WORK TASK - Beginning with the first line and ending with the one containing "마포구 상암동 DMC단지", copy the lines of the listing below exactly; omit everything else.

PROVIDED DATA -

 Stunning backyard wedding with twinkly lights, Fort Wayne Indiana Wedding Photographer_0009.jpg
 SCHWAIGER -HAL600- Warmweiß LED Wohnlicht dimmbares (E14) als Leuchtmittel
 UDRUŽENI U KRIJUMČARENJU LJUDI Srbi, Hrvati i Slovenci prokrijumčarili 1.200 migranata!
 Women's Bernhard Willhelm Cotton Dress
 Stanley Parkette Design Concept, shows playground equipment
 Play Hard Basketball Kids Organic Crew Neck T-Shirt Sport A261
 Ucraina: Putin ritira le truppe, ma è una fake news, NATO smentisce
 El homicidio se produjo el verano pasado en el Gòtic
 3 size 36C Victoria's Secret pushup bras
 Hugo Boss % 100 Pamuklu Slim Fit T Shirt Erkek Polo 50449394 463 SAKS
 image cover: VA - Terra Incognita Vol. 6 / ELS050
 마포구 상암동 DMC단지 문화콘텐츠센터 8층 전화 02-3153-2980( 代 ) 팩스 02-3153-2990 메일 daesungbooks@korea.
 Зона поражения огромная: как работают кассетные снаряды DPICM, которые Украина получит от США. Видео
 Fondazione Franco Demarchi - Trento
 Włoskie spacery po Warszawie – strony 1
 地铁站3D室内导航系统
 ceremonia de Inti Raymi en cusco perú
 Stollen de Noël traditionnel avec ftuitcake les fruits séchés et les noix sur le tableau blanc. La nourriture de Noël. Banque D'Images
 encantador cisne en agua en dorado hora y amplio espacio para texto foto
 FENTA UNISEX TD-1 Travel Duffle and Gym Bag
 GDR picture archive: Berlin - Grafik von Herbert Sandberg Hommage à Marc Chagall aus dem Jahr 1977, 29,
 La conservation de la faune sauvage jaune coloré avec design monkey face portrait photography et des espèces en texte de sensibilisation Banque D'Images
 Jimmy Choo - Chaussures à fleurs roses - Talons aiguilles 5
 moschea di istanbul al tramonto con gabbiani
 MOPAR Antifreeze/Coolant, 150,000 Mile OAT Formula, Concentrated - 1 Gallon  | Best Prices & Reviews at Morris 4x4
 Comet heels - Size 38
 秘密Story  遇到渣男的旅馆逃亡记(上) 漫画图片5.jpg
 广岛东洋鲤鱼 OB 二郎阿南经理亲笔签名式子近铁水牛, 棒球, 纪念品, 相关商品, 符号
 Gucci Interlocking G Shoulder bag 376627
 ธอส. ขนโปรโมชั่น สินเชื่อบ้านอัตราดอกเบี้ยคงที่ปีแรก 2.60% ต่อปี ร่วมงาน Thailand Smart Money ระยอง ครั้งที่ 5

RESULT OF THE TASK -
 Stunning backyard wedding with twinkly lights, Fort Wayne Indiana Wedding Photographer_0009.jpg
 SCHWAIGER -HAL600- Warmweiß LED Wohnlicht dimmbares (E14) als Leuchtmittel
 UDRUŽENI U KRIJUMČARENJU LJUDI Srbi, Hrvati i Slovenci prokrijumčarili 1.200 migranata!
 Women's Bernhard Willhelm Cotton Dress
 Stanley Parkette Design Concept, shows playground equipment
 Play Hard Basketball Kids Organic Crew Neck T-Shirt Sport A261
 Ucraina: Putin ritira le truppe, ma è una fake news, NATO smentisce
 El homicidio se produjo el verano pasado en el Gòtic
 3 size 36C Victoria's Secret pushup bras
 Hugo Boss % 100 Pamuklu Slim Fit T Shirt Erkek Polo 50449394 463 SAKS
 image cover: VA - Terra Incognita Vol. 6 / ELS050
 마포구 상암동 DMC단지 문화콘텐츠센터 8층 전화 02-3153-2980( 代 ) 팩스 02-3153-2990 메일 daesungbooks@korea.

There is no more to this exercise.